La risata che seguì fece gelare il sangue nelle vene di Yznar: quel giovane lo stava sconfiggendo! Ma non era ancora detta l'ultima parola!
***

Tre giorni prima
«Che fai qui, Sarmen?», le chiesi.
«Sono stata mandata a ucciderti, Neeno»
«Mh, davvero? Ti ha mandata Yznar?»
«Questa è davvero una domanda stupida, da parte tua. Una volta eri più sagace»
«Non hai nulla da dirmi, prima di morire?»
«Niente che non ti abbia già detto quell'ultima volta. Sguaina la tua lama, Neeno, il momento delle parole è terminato molto tempo fa»
L'affrontai. I suoi occhi rossi, i suoi movimenti a scatti, la lentezza dei riflessi: tutto mi diceva che faceva un uso smodato di oppiacei.

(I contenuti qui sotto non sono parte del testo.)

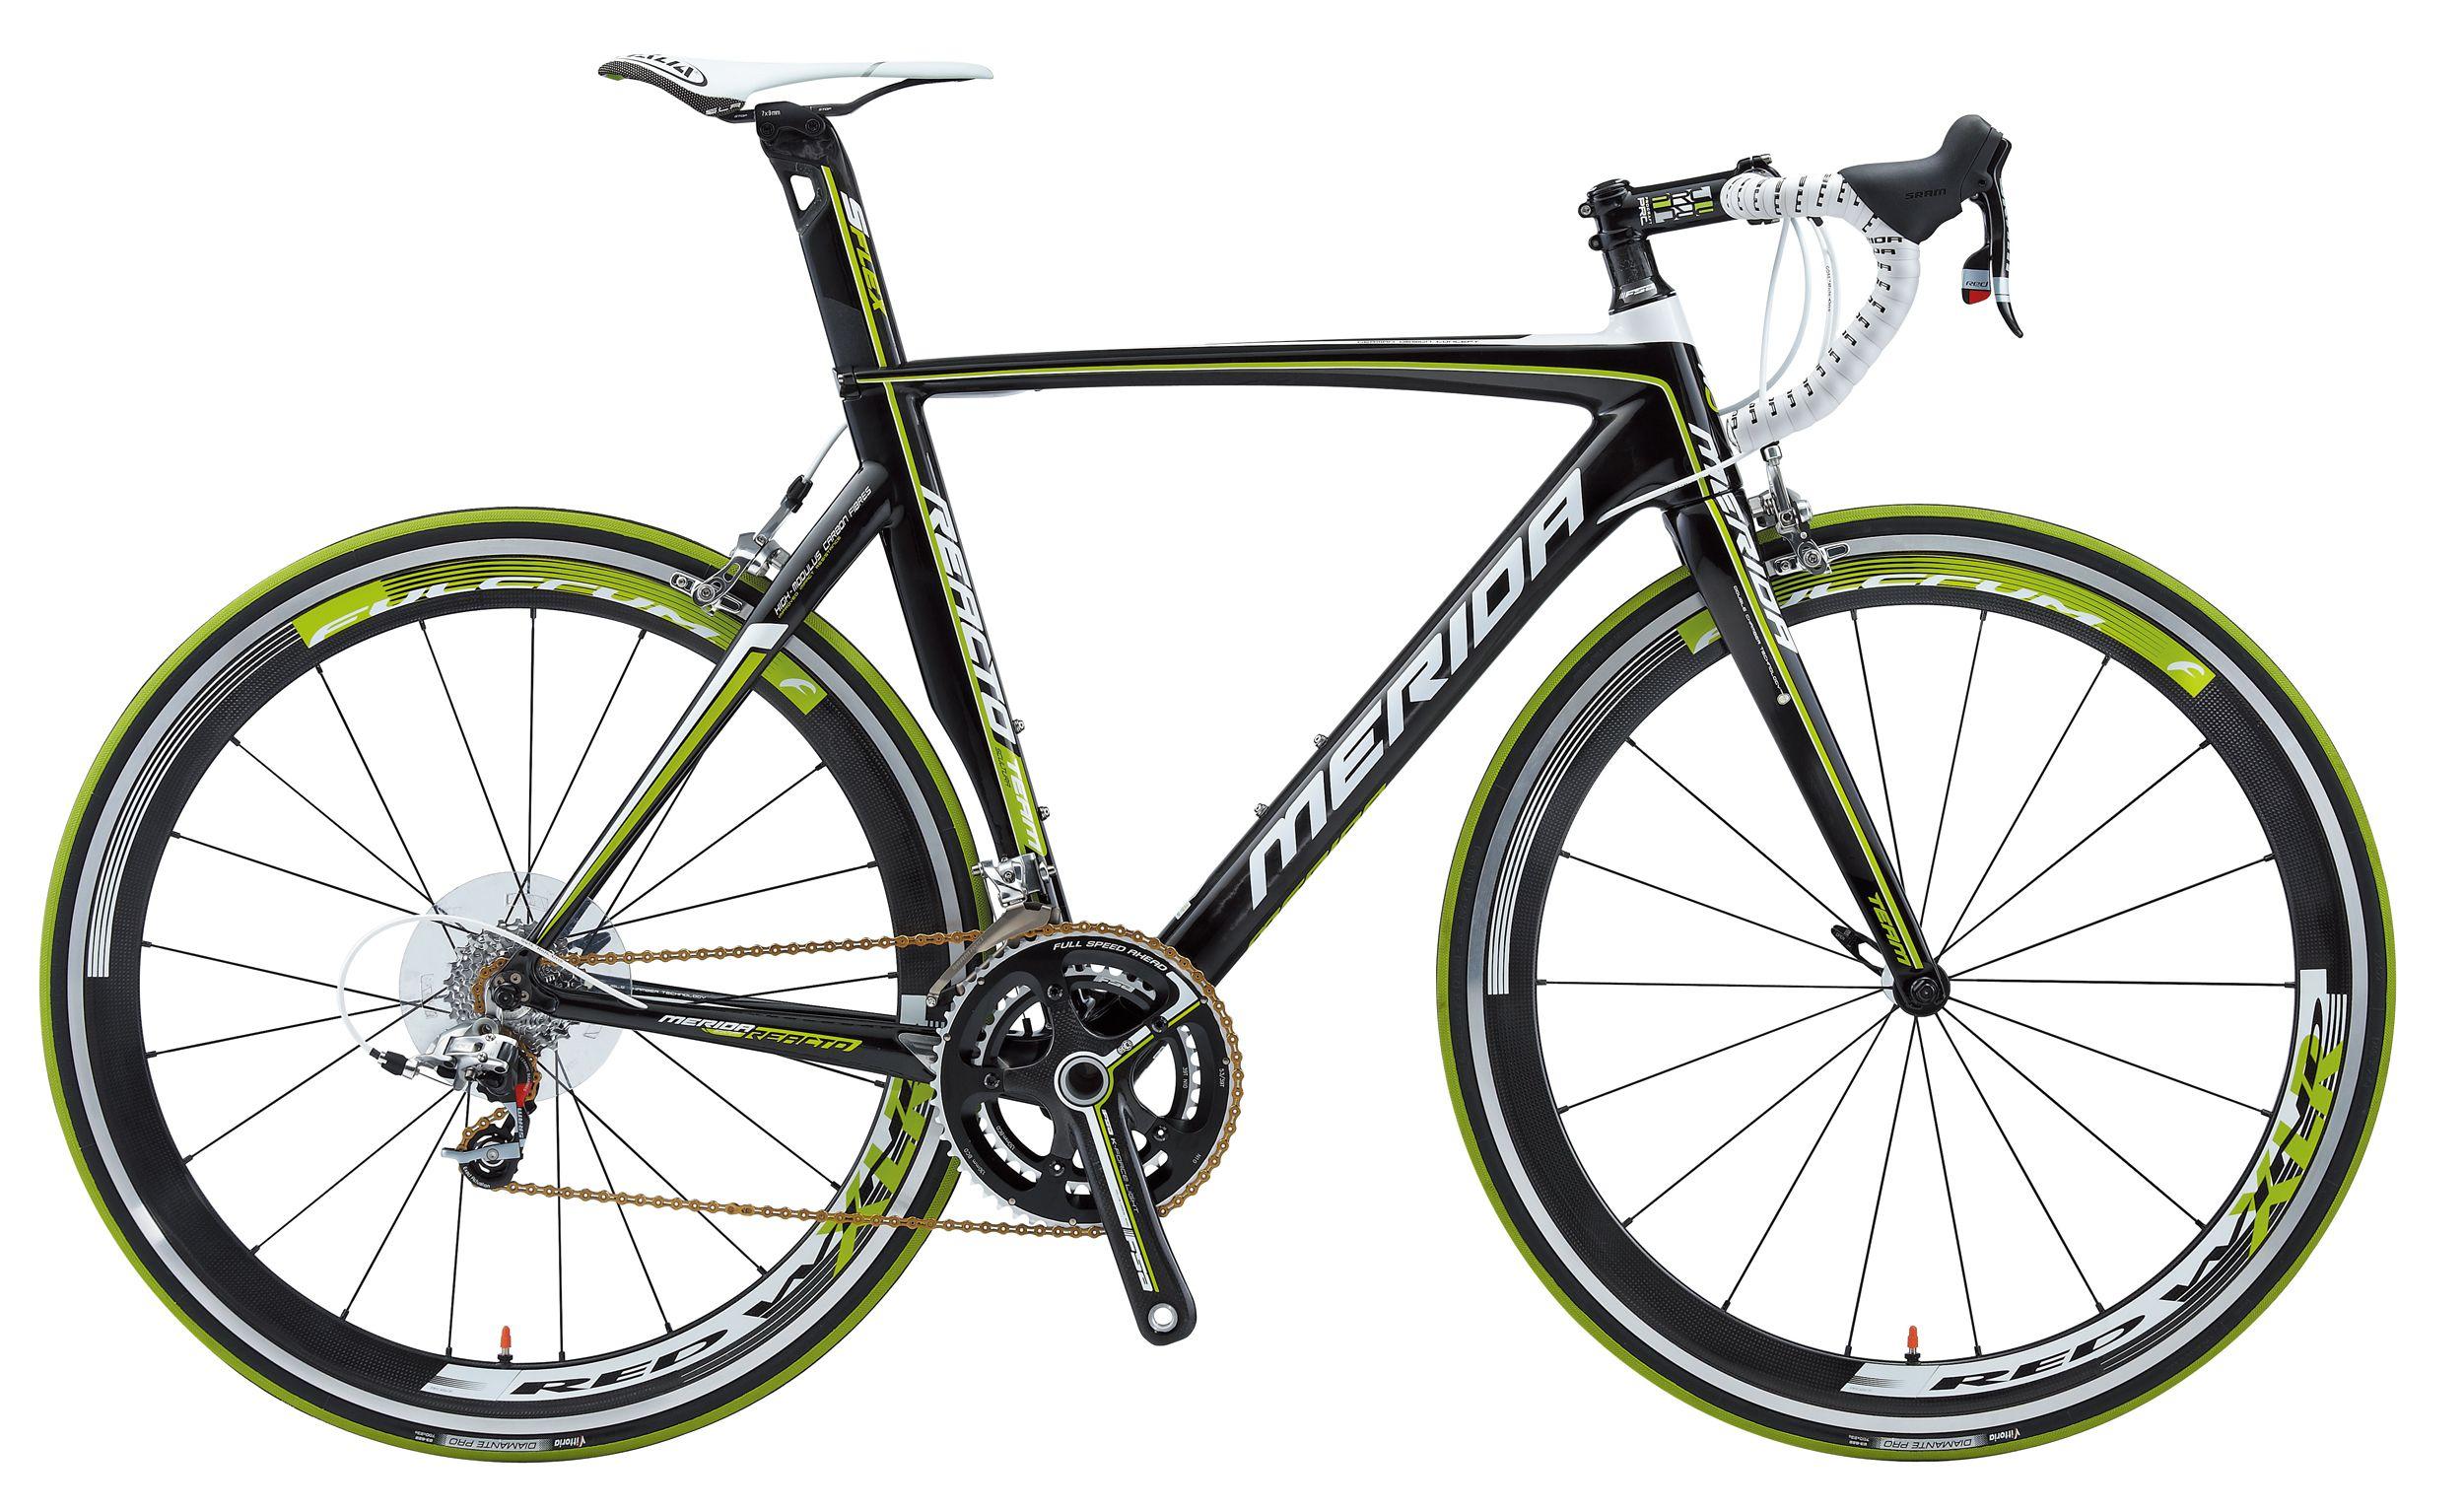 Merida Reacto Team 20 Roadbike Road Bike Cycling Road Bikes

Provavo pietà per lei: un tempo era stata una delle allieve predilette del Mago Zoras, una delle migliori spade di Zyz. Soprattutto, però, ci eravamo amati.

A otto anni, quando fui ammesso alla scuola, lei era già lì da un anno e la conobbi in maniera piuttosto turbolenta. Ero mingherlino a quel tempo e gli altri ragazzi mi avevano subito preso di mira a causa del mio sangue misto.
Fin quando erano in due o tre riuscivo a tenerli a bada abbastanza bene: non ero digiuno di scherma, poiché il soprastante del mio padrone mi aveva insegnato i rudimenti del bastone corto. Un giorno però, mentre andavo verso il ruscello con due secchi da riempire, mi si pararono dinanzi in sette. Tra loro c'era anche Sarmen.
Iniziarono a provocarmi e quando arrivò la prima spinta non seppi resistere: scaraventai un secchio in faccia al capo della combriccola, Yul'yah e roteando l'altro secchio provai a tenerli lontani da me, ma erano in troppi. Presto mi furono tutti addosso e mi avrebbero massacrato di botte se Sarmen non avesse preso le mie parti. In due li mettemmo in fuga e Yul'yah ce la giurò.
Da quel giorno io e Sarmen fummo inseparabili. Sia lei che io procedevamo negli insegnamenti più speditamente degli altri. Grazie al mio sangue Vaunlay, avevo una capacità sensoriale maggiore, mentre Sarmen aveva un'agilità e una velocità senza pari nella scuola.
Passarono gli anni ed entrambi eravamo cresciuti. Dall'amicizia dell'infanzia, il nostro rapporto si era trasformato in qualcosa di più e questo faceva preoccupare il nostro maestro. Ci ripeteva spesso che non poteva impedire che di amassimo, ma ci metteva in guardia verso questo sentimento che, secondo lui, ci indeboliva.
Non lo ascoltammo. E continuammo a incontrarci e allenarci insieme.
Passò un altro anno e Sarmen era a un passo dal raggiungere la Prima Perfezione, il primo vero traguardo per chi frequentava la scuola.
Era il quinto giorno d'autunno e ancora oggi non so con precisione cosa accadde: Sarmen mi raccontò che andava da sola verso il tempio di Blen, a pregare per l'esame che avrebbe affrontato di lì a poco. Yul'yah e i suoi compagni la sorpresero alle spalle e le fecero del male.
Per anni fui vittima del rimorso per non essere stato presente.
Lei ne parlò solo con me, il giorno dopo, pesta e dolorante. Parlammo a lungo e, per la prima volta, mi disse che desiderava andare via da Zyz, che la sua vita non poteva rimanere legata a quel luogo: i ricordi l'avrebbero uccisa.
Litigammo, perché volevo convincerla a rimanere e denunciare al Mago Zoras l'accaduto. Le proposi persino che l'avrei aiutata a vendicarsi, se solo avesse atteso qualche tempo per calmare il suo spirito secondo gli insegnamenti della scuola.
Non volle la mia compagnia quella notte e non accettò la mia proposta di andare via insieme.
«Quando sarò pronta andrò via da sola», concluse.
La mattina successiva trovarono i cadaveri sgozzati di Yul'yah, Nerghil, Chulchan e Moudimer.
Sapevo che era stata lei, ma il sospetto venne a tutti, poiché era fuggita nottetempo.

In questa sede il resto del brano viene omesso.